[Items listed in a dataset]
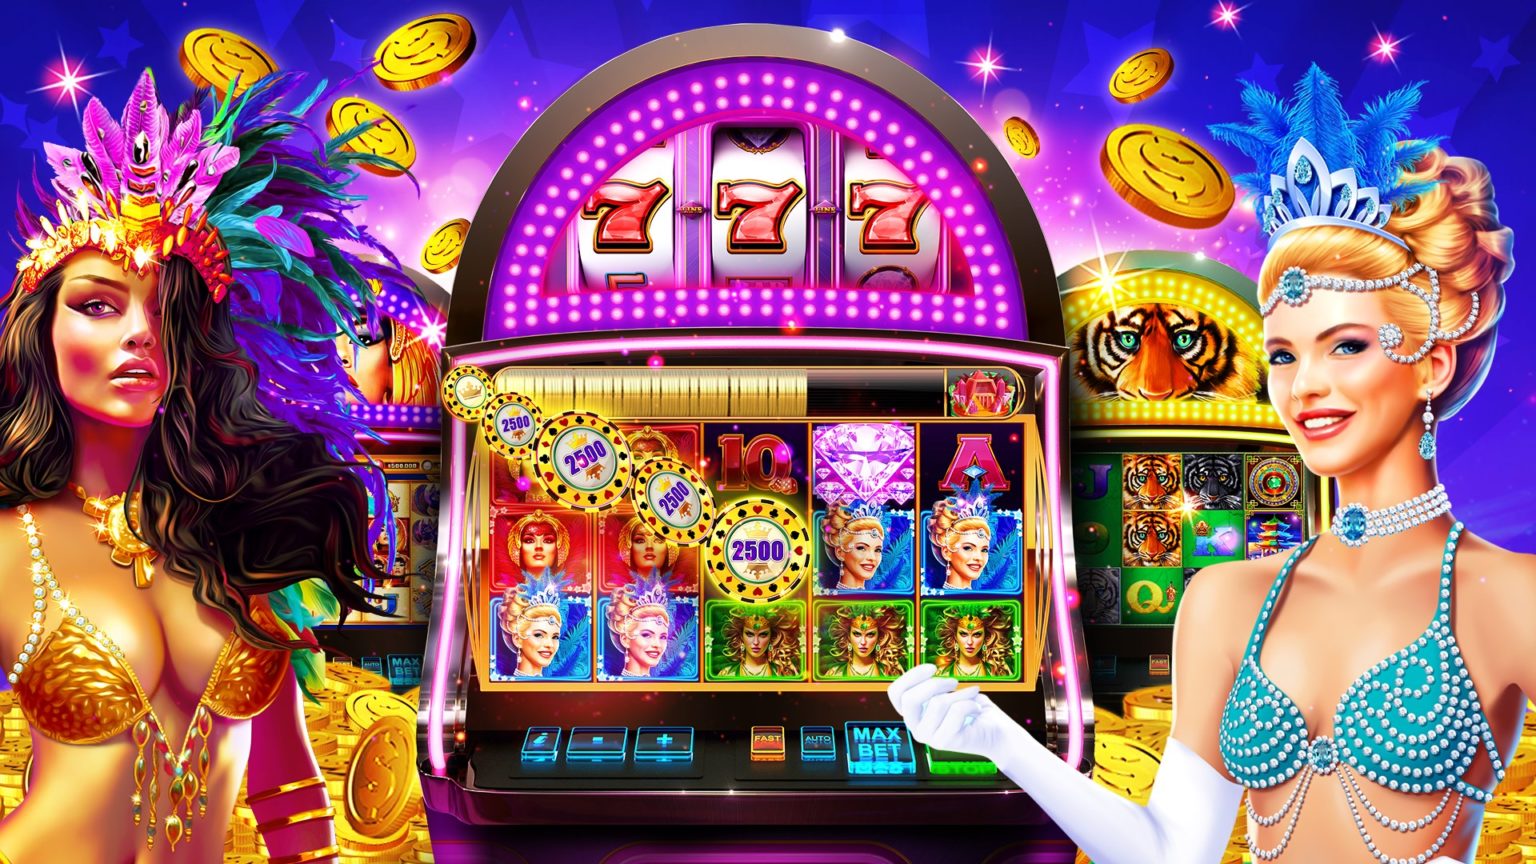 Виртуальный игровой зал Fresh Casino — азартные развлечения на любой вкус
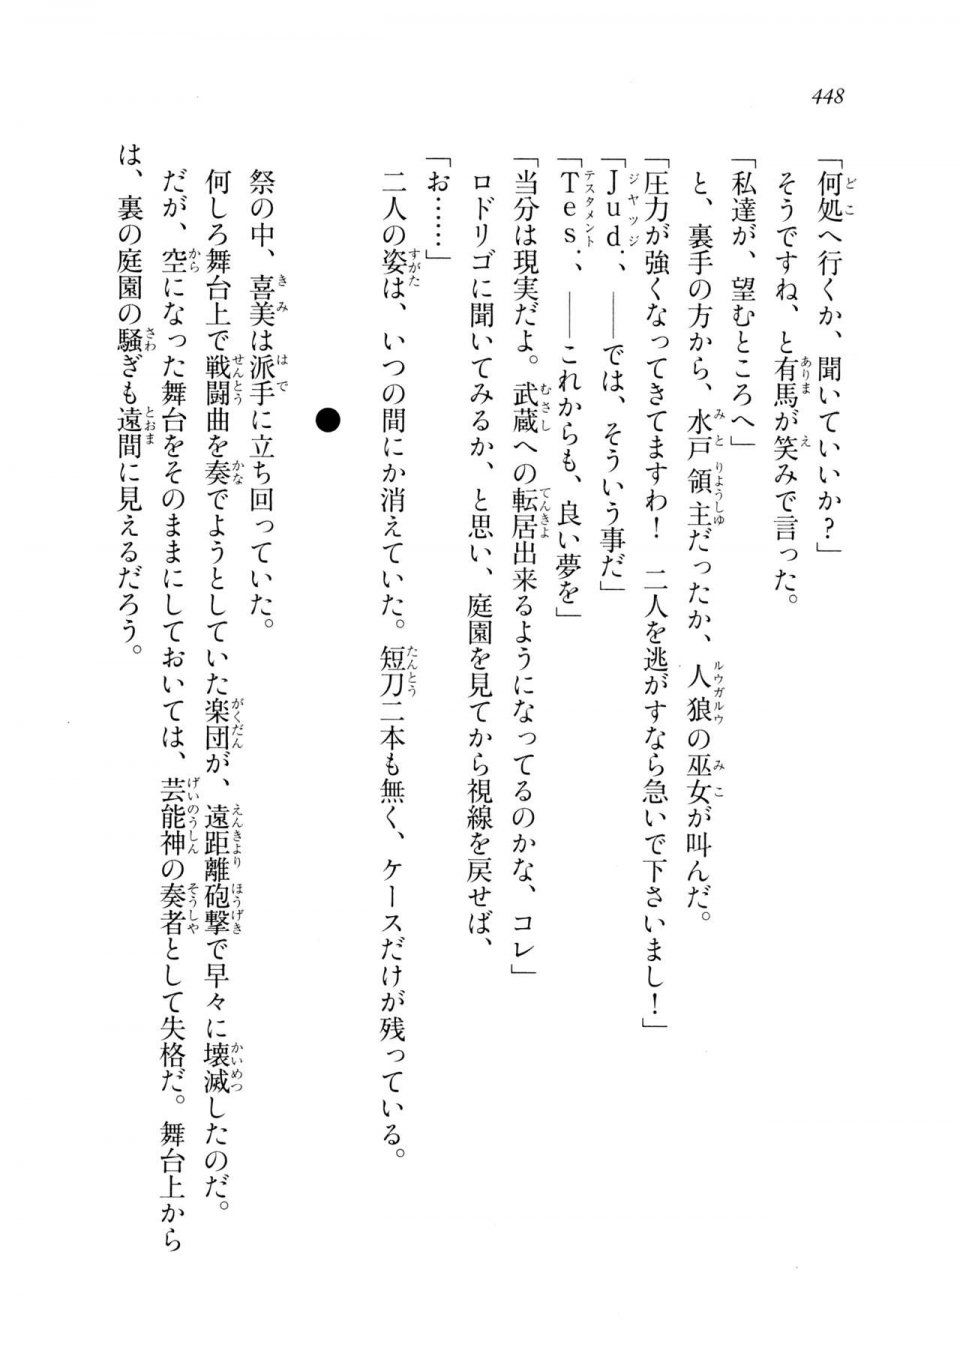 Kyoukai Senjou no Horizon LN Sidestory Vol 2 - Photo #446
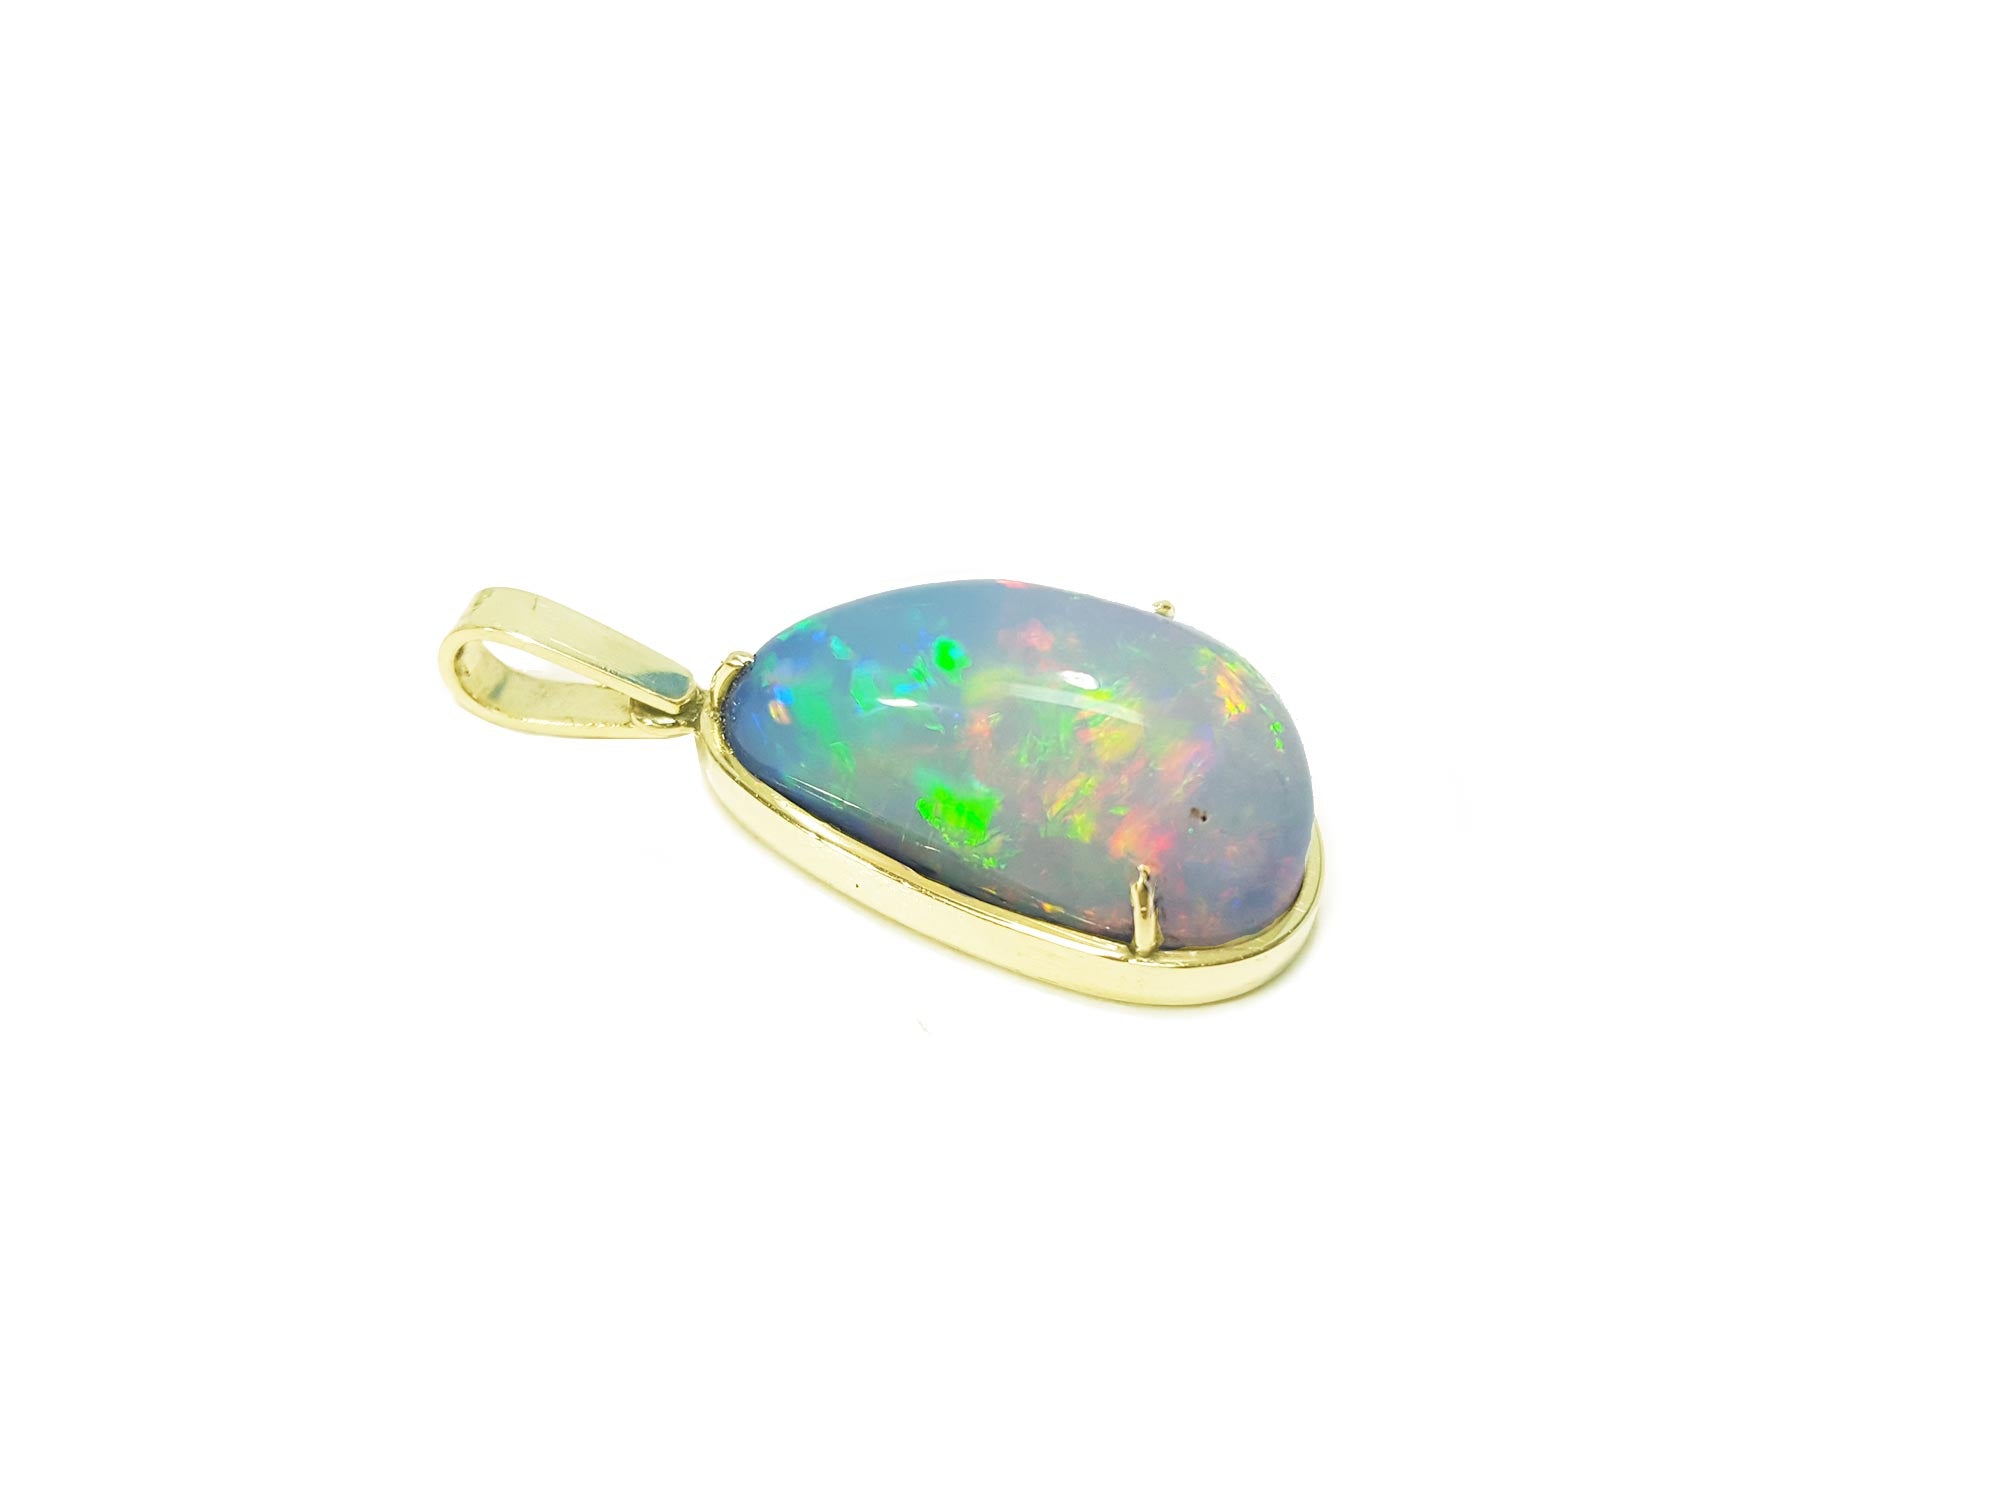 Ethiopian opal necklace
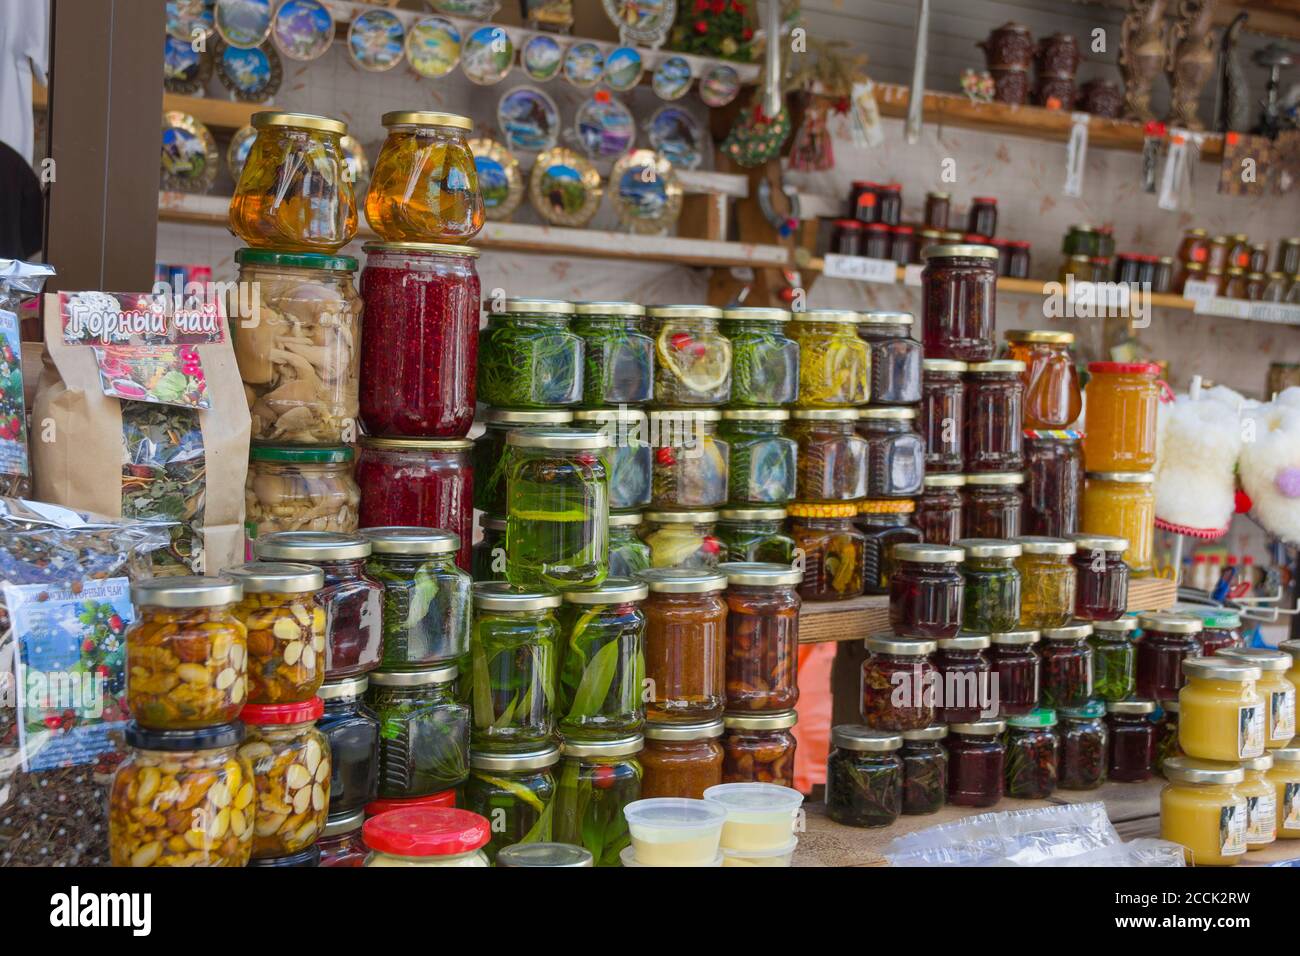 Souvenirladen mit verschiedenen Souvenirs und Gläsern mit hausgemachten Konserven - Marmelade, Gemüse, Honig, Nüsse, Dombay, Russland. Selektiver Fokus Stockfoto
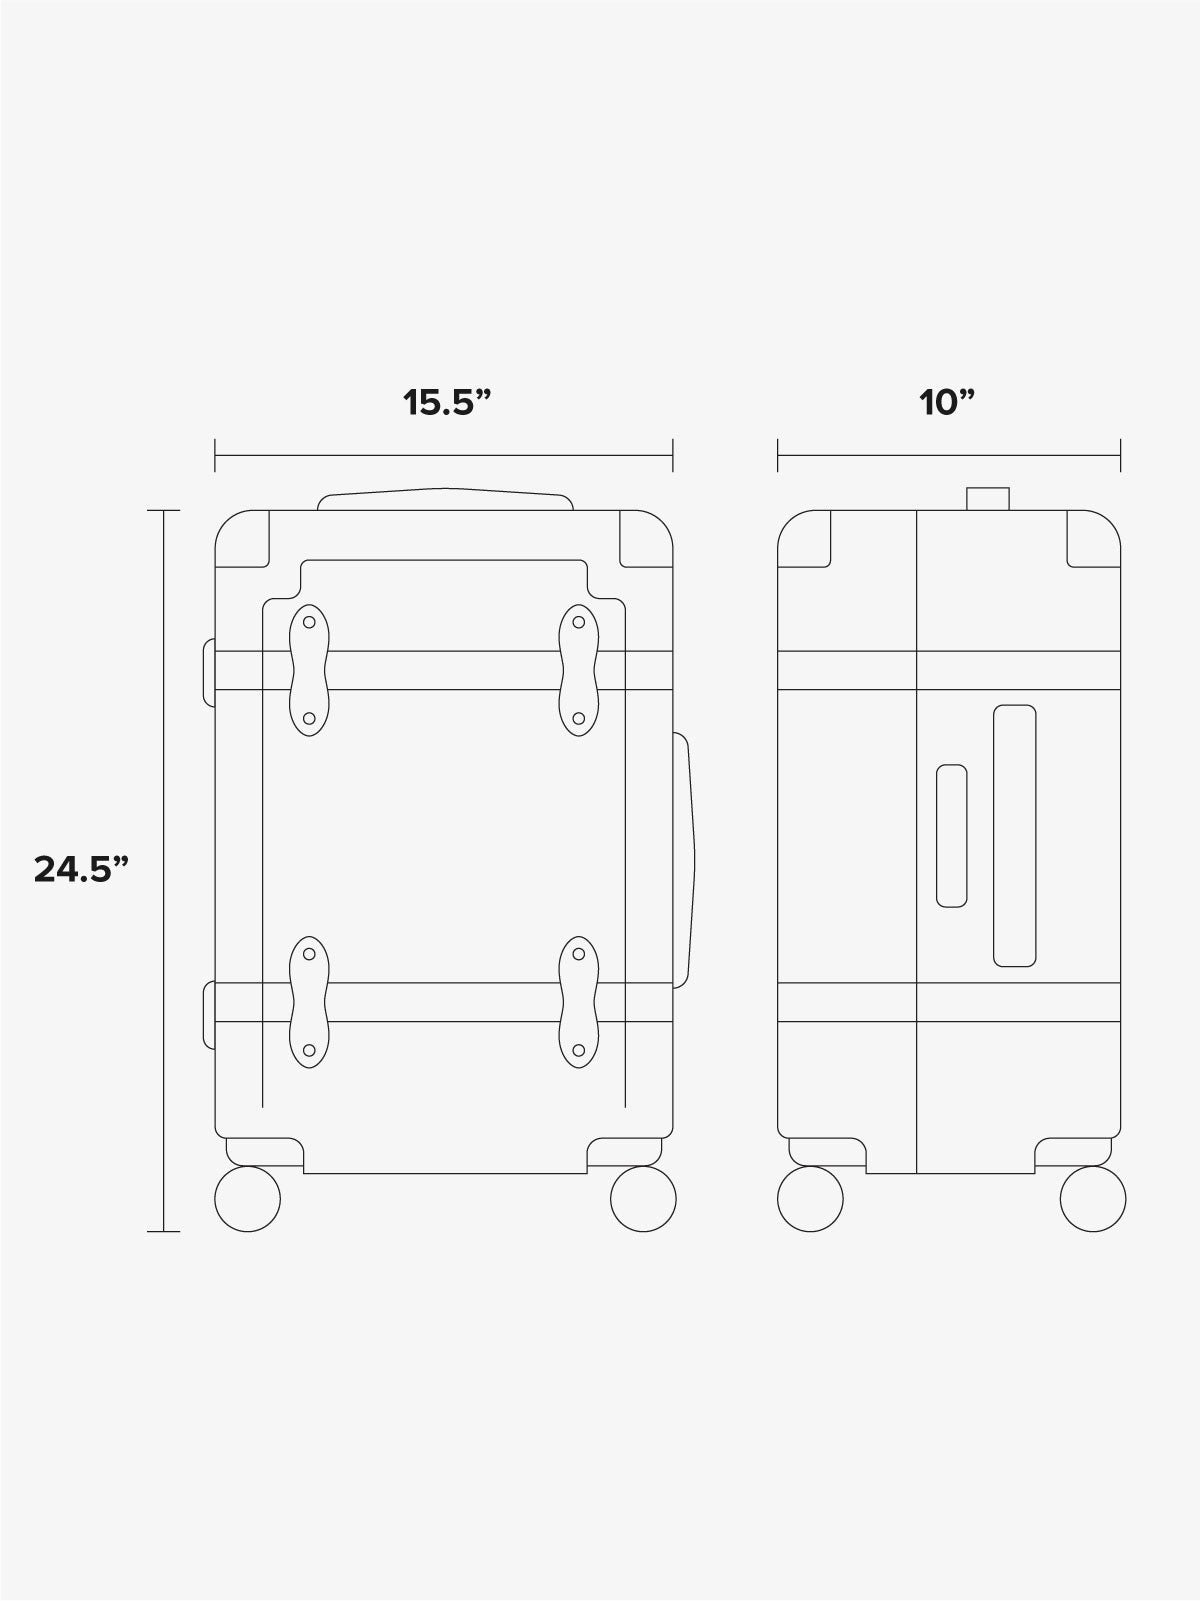 Trnk medium luggage dimensions

_About this task_
Find the line with "Souvenirladen mit verschiedenen". Return it and each line after it through the end of the data, exactly, without pictures.

_Solution_
 Souvenirladen mit verschiedenen Souvenirs und Gläsern mit hausgemachten Konserven - Marmelade, Gemüse, Honig, Nüsse, Dombay, Russland. Selektiver Fokus Stockfoto
 Trnk medium luggage dimensions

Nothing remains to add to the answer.